Найдя новое русло, мысль устремилась по нему, и весь этот день прошел как в угаре. Щербатова еще раз вызвал Лапшин, приказав немедленно прибыть, как потом оказалось, к обеду. Когда он, опоздавший, вошел, было уже достаточно выпито, шумно, сквозь папиросный дым блестели красные лица. Но Щербатову налили штрафную, налили еще, и лица в дыму засияли одной общей дружеской улыбкой. Пили за н е г о. За того, кто сквозь бури и грозы, сквозь любые политические штормы твердой рукой ведет корабль вперед, глядя вдаль всевидящим орлиным взором. За его великое мужество и силу духа, за
его беспримерную прозорливость, позволяющую ему вести народ от победы к победе. За Великого Рулевого нашей эпохи. И все громко говорили, перебивая друг друга, а во главе стола, рядом с Лапшиным сидел дивизионный комиссар Масловский, бледный от выпитой водки, как все нездоровые люди. На его белом лице темные глаза горели сильно и страстно, не всякий мог выдержать их взгляд. Светловолосый, он издали казался моложавым, и только вблизи было видно, что волосы его почти сплошь седые, а лоб в тонких морщинах. Щербатов все время чувствовал себя под его взглядом.
А потом как-то так получилось, что они трое - Лапшин, Масловский и Щербатов - стояли в углу комнаты отдельно ото всех. Щербатов стоял спиной к углу, держа стакан в руке, а перед ним с налитыми и поднятыми стаканами в руках стояли Лапшин и Масловский и говорили о самом сокровенном, говорили о н е м. Между ними никогда не было душевной близости, но сейчас они чувствовали ее, хотелось говорить по душам.
- Каждый из нас может ошибаться,- говорил Щербатов, чувствуя потребность в исповеди и не замечая, что это можно и так понимать, будто он кается за прошлый свой приезд к Лапшину.- Каждый из нас может что-то недопонимать...
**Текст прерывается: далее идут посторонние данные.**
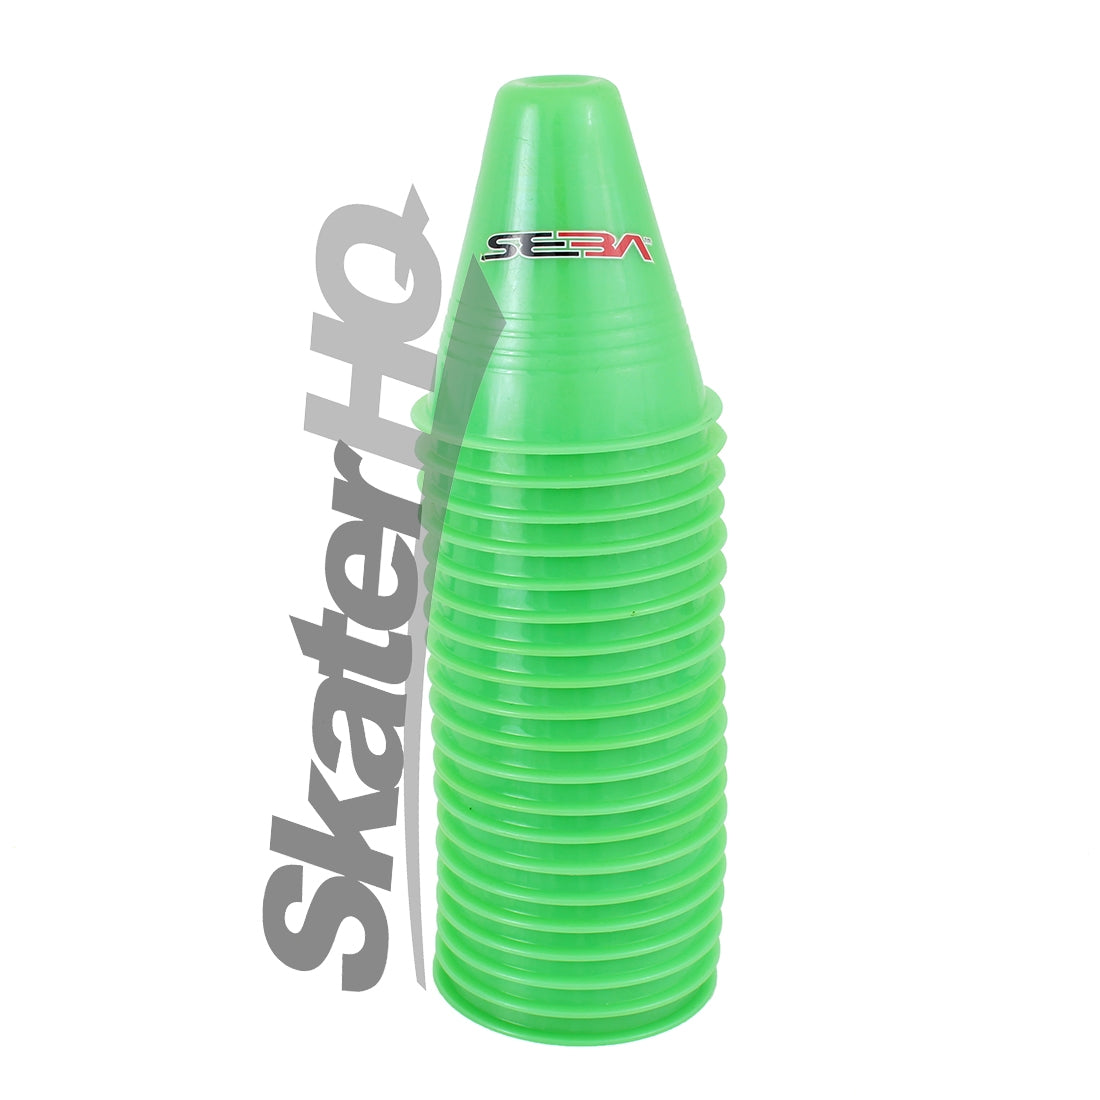 SEBA Slalom Cones 20pk - Green Inline Rec Accessories

- А каково е м у! - торжествующе перебивал Лапшин. Он сознавал себя здесь человеком, наиболее близко стоящим к н е м у, и этого никому не хотел уступить. Сияя коричневым глянцем головы, он улыбался загадочной улыбкой, намекая на что-то, как человек, которому многое доверено, да немногое можно сказать. А Масловский, бледный, с темными раздраженными глазами, тяжело дышал, и одно веко его нервно подергивалось. И они никак не могли выпить своих стаканов, потому что друг перед другом хотелось сказать еще и еще: "Ведь каждый из нас... А каково е м у!" Они испытывали великий восторг самоуничижения. Но где-то в глубине души Щербатов чувствовал фальшь происходящего. И, чувствуя, все же говорил. Что-то заставляло его говорить.
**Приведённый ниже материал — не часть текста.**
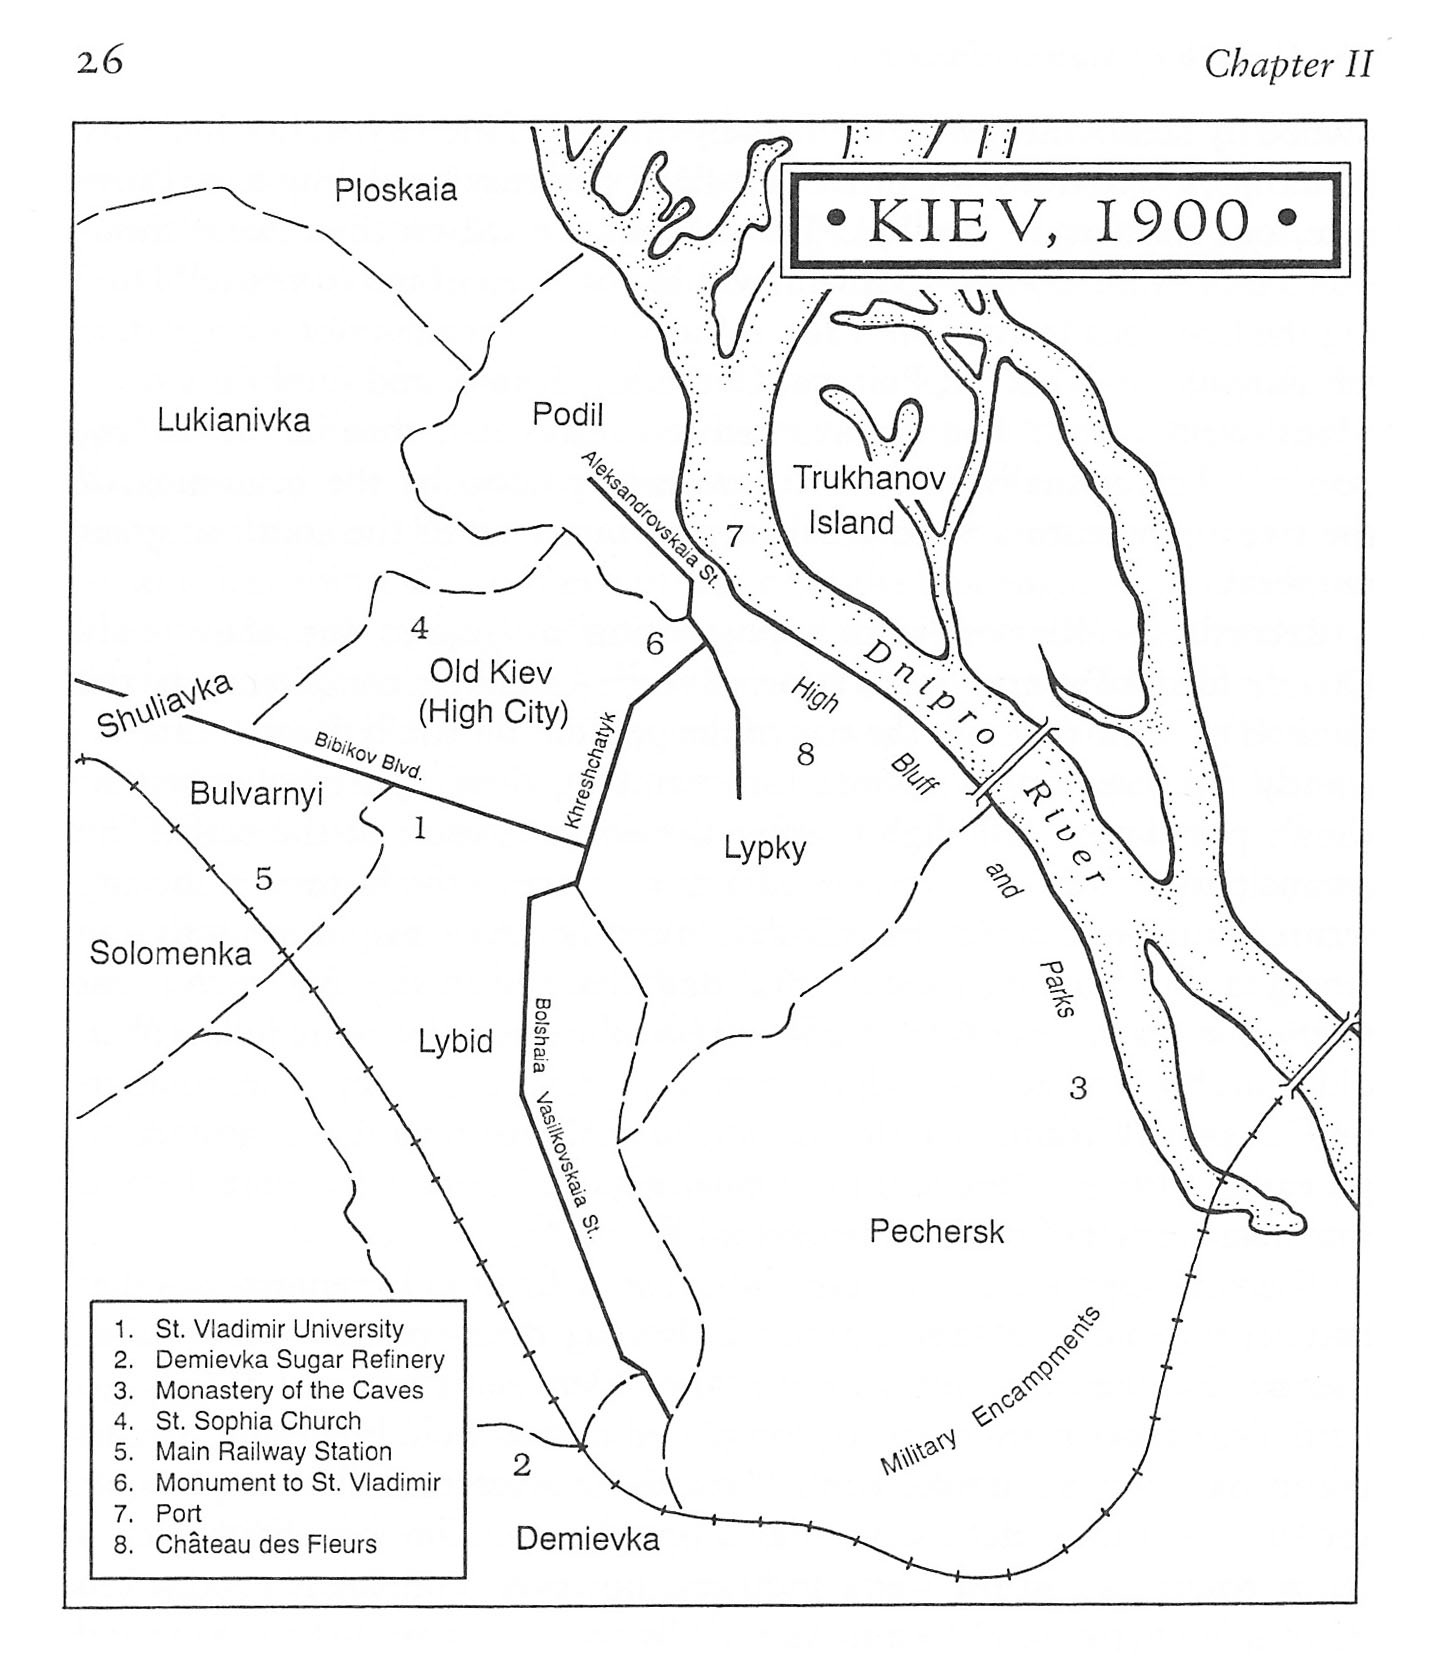 1900 Kiev Map

А среди ночи, проснувшись от головной боли, он вспомнил все это с мучительным стыдом. Было стыдно и гадко. И особенно гадко вспоминать, как они стояли в углу, и прорвалась в нем эта потребность говорить перед другими о своей преданности, о том, что обычно человек держит в себе. Что заставляло его говорить это? Водка? Водка только сделала нестыдным то, чего трезвый стыдится. И отчего вообще радость? Что изменилось? Он пытался собрать уверенность, которая была у него днем, и не мог. Сейчас это почему-то не удавалось. А может, просто все обрадовались возможности зажмуриться? Зажмуриться а не видеть опасности? Ты не видишь - и ее уже нет. Он заново перечел сообщение ТАСС, и теперь все в нем казалось неубедительным.
Этой ночью он слушал радио. Что говорит сейчас мир? Вдруг ворвался рев самолета и сквозь него торопливый, захлебывающийся голос диктора. Говорили по-немецки. Над каким городом кружил этот самолет? Сквозь cвист и хаос, сквозь обрывки музыки Щербатов нашел Париж. И твердая немецкая речь раздалась так близко, что Щербатов убавил звук и закрыл окно. Немца прерывал хохот многих здоровых глоток и аплодисментов. И снова говорил он что-то смешное. И снова хохот и топот ног.
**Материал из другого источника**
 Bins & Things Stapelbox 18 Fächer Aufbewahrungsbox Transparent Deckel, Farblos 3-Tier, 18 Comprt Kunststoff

Щербатов шарил по станциям с волны на волну. Притихшая Европа говорила по-немецки и плакала по-немецки, передавала немецкую музыку, и веселилась, и танцевала под нее. Во Франции, в Дании, в Голландии, в Бельгии, в Норвегии, в Польше, в Чехословакии - на всех волнах раздавалась немецкая речь. В Белграде и Афинах звучало одно и то же немецкое танго, сладкое и медленное. "Происходящая в последнее время переброска германских войск, освободившихся на Балканах, связана, надо полагать, с другими мотивами, не имеющими касательств к советско-германским отношениям". Все это, казавшееся убедительным и таким логичным днем, сейчас выглядело по-иному. "Надо полагать..." Самое странное, что, казалось бы, заинтересованы в таком опровержении немцы, но не они опровергают, а мы за них. И тон какой-то просительный, словно представляем на подпись или просим подтвердить.
Лондон, который теперь бомбили еженощно, под звон колоколов передавал богослужение. Москва давно закончила передачи, и люди спали мирным сном. От западной границы до Дальнего Востока страна спала, убаюканная, и видела сладкие сны. Как остановить надвигающееся? Щербатов знал, что командующий соседней армией писал лично Сталину, предупреждая об опасности, пытался посоветовать ряд срочных мер и за это по личному распоряжению Сталина был снят и отозван, обвиненный в трусости и пораженческих настроениях. Об этом шепнул ему вчера Лапшин и, отстранившись, прищурясь хитро, погрозил пальцем. Мол, учти и помни, что мог я с тобой сделать и не сделал.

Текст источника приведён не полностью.